*WHAT YOU HAVE TO DO*
With the images removed, return every line below exactly as it reads.

*COLLECTED DATA*
================
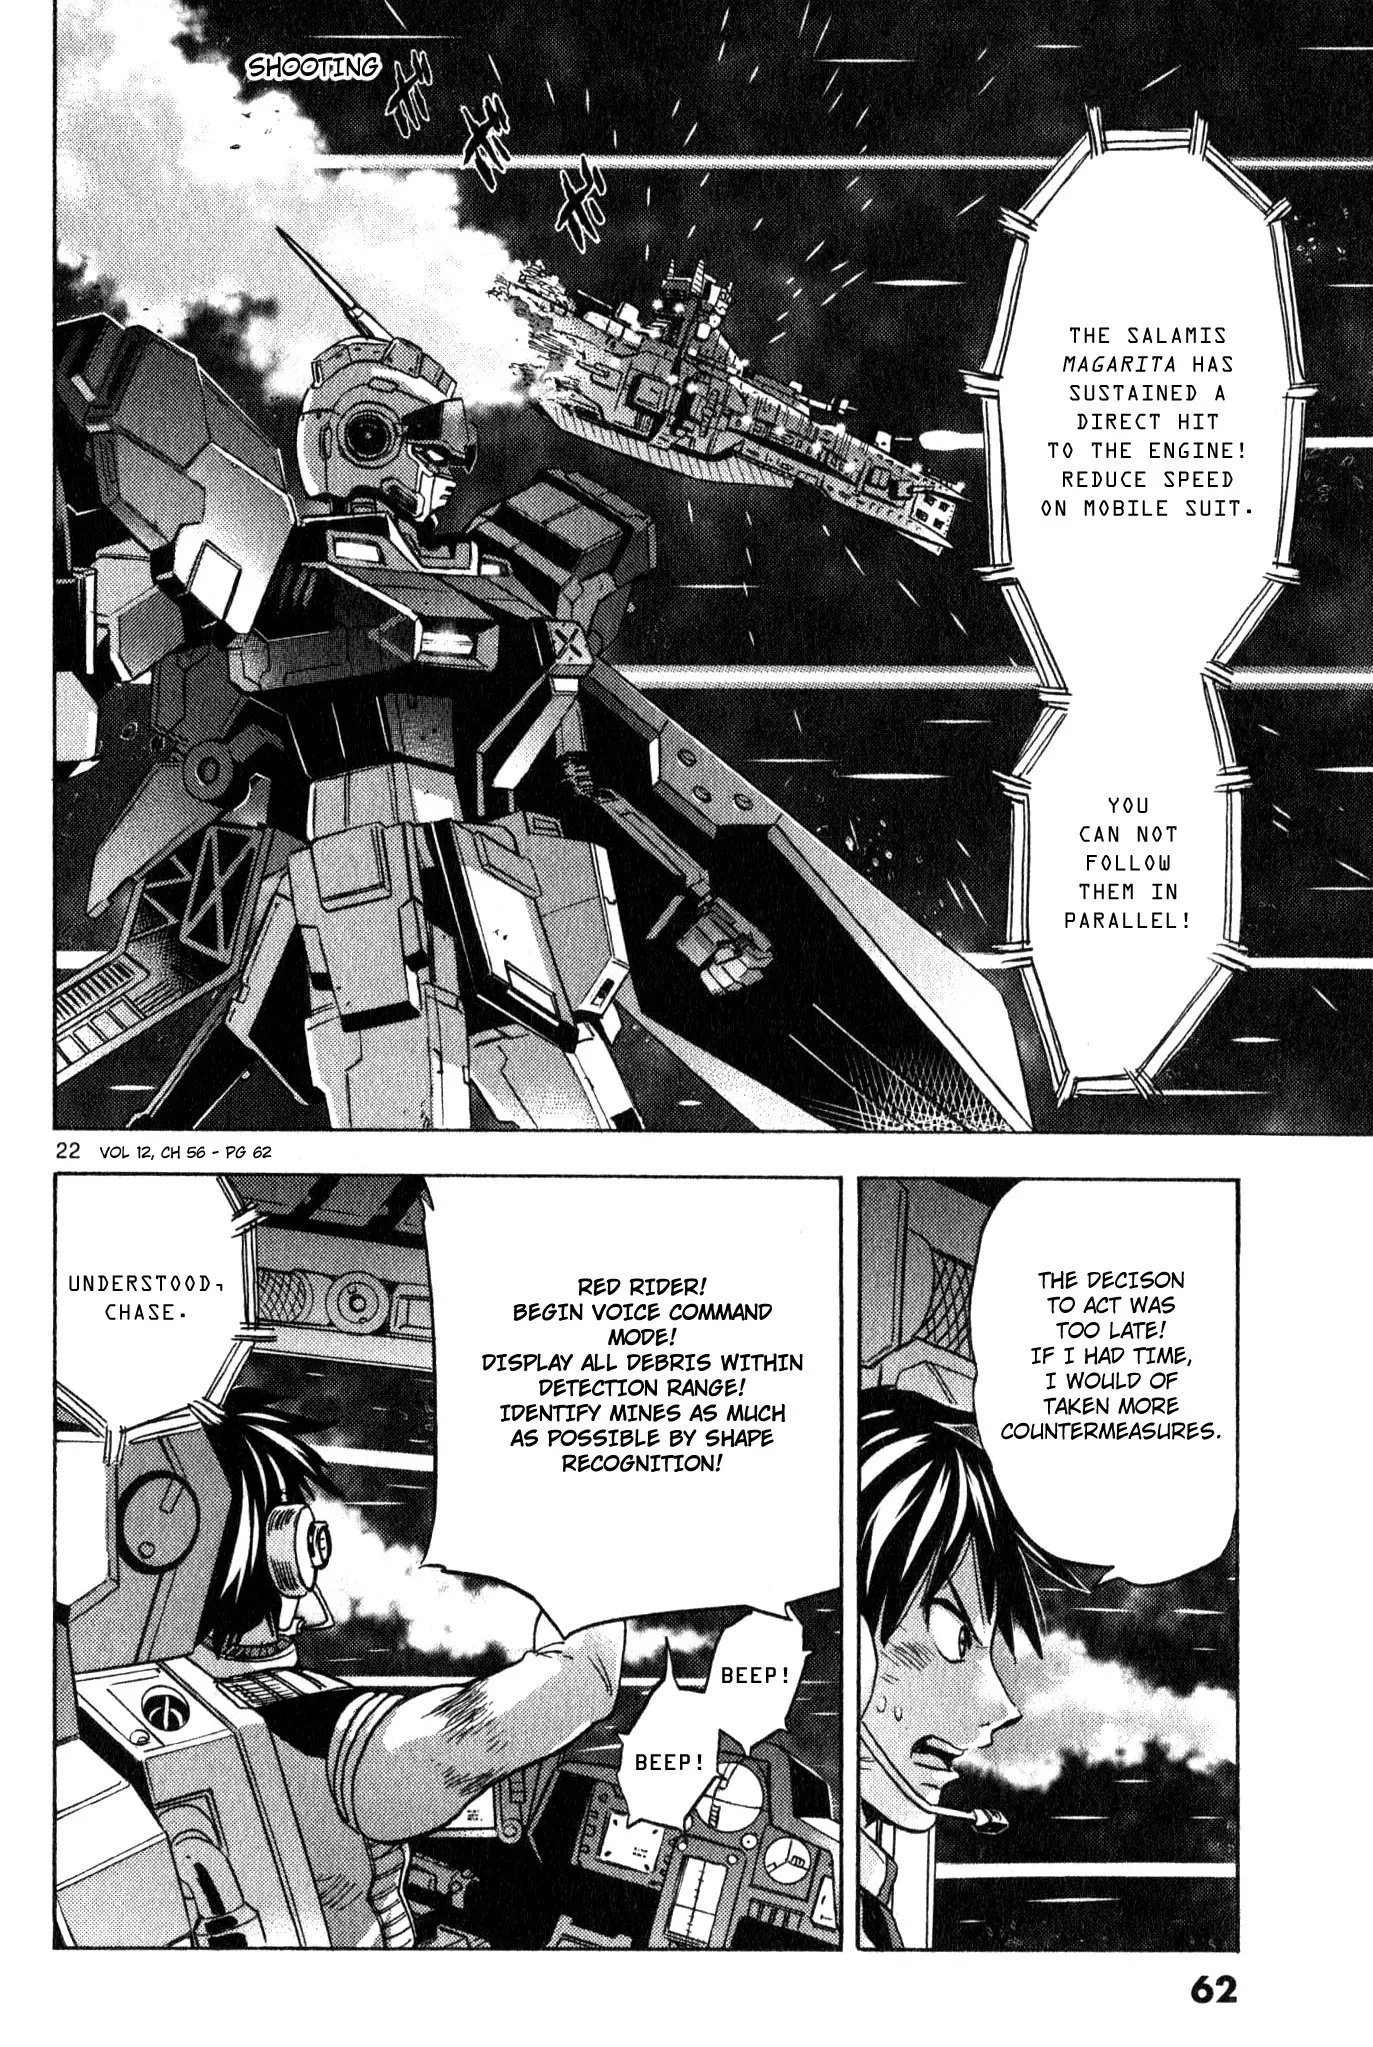 Mobile Suit Gundam Aggressor - 56 page 24-45680545
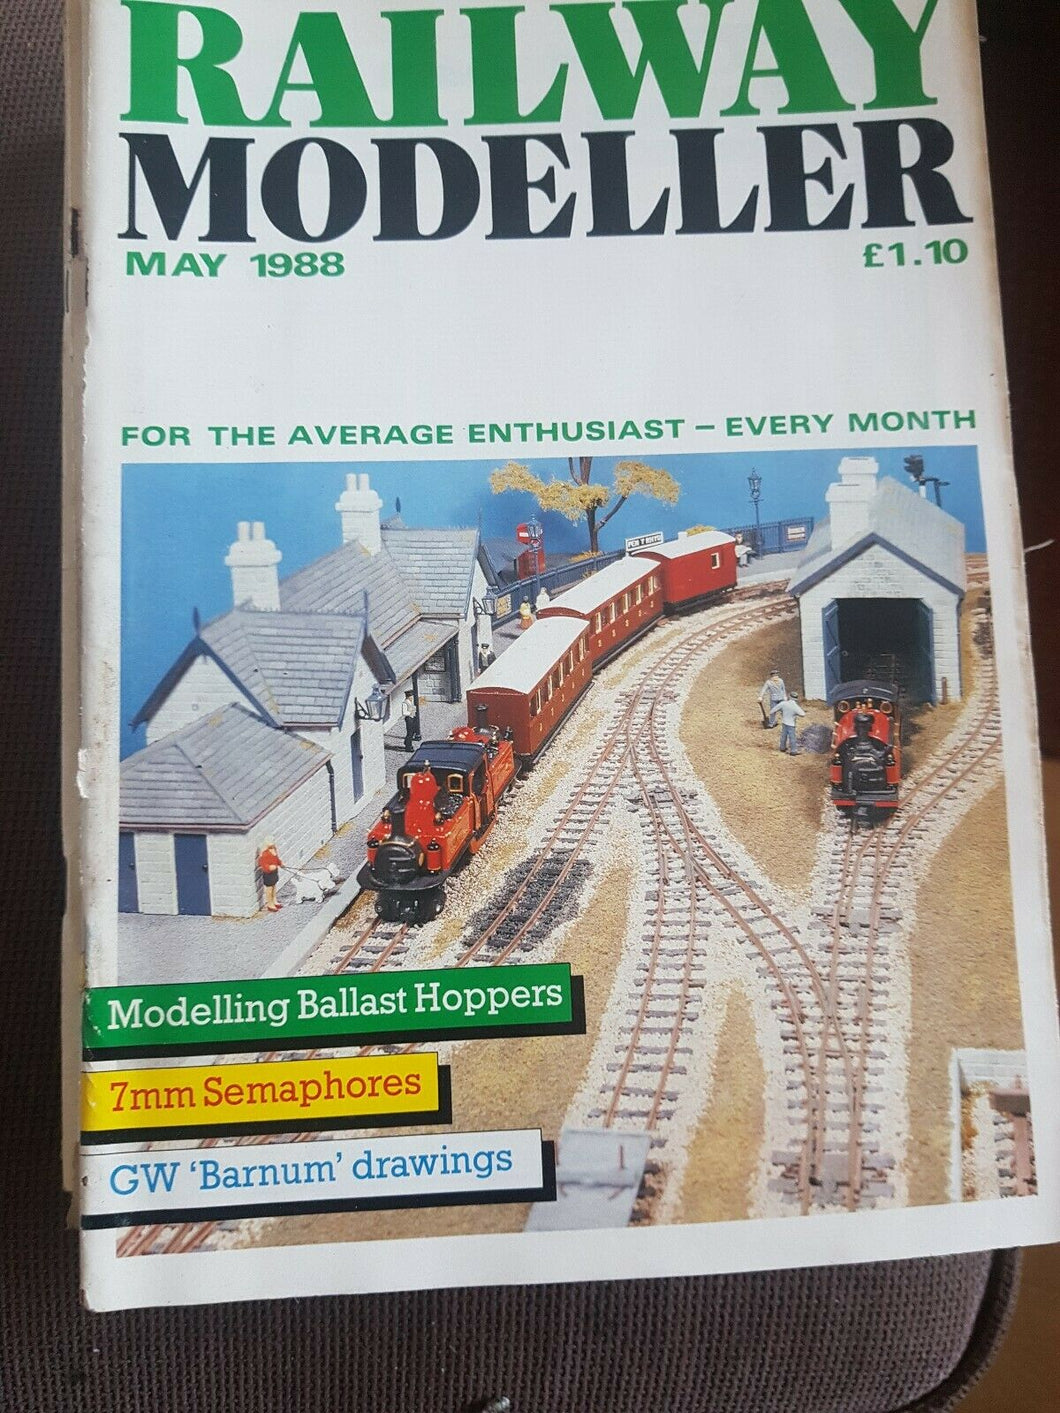 Railway modeller magazine May 1988
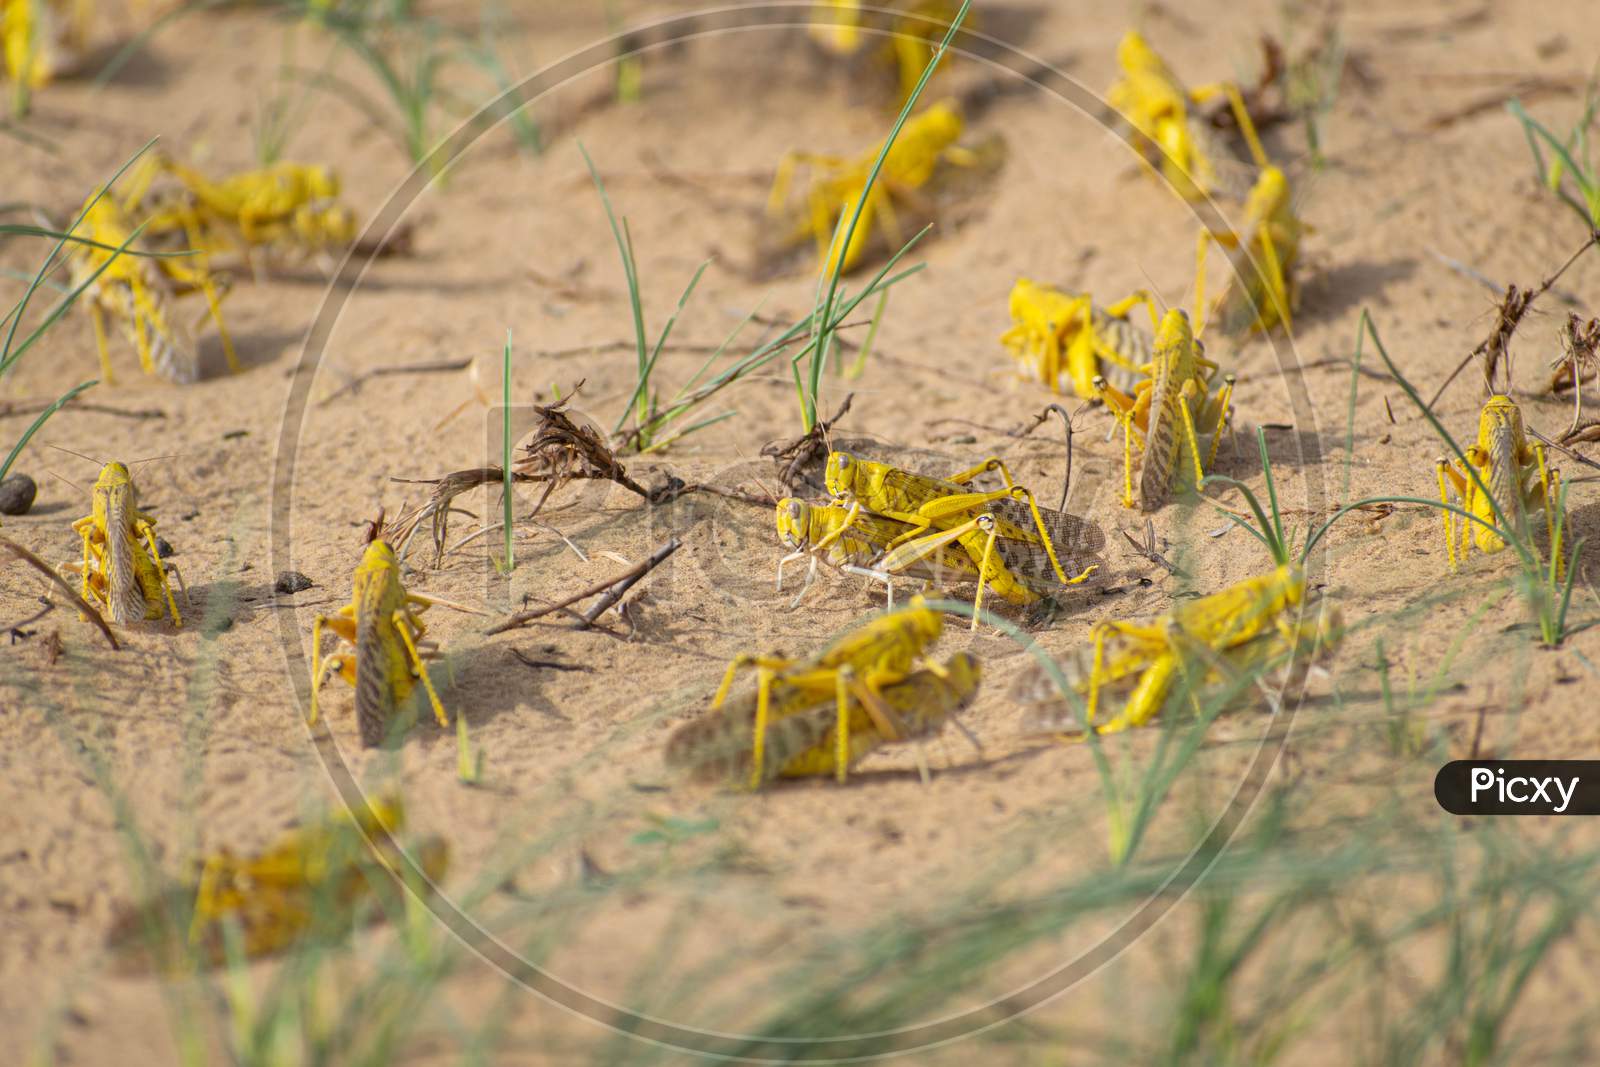 Migratory locust swarm
================
*ANSWER TO THIS PROBLEM*
 Mobile Suit Gundam Aggressor - 56 page 24-45680545
 Railway modeller magazine May 1988
 Migratory locust swarm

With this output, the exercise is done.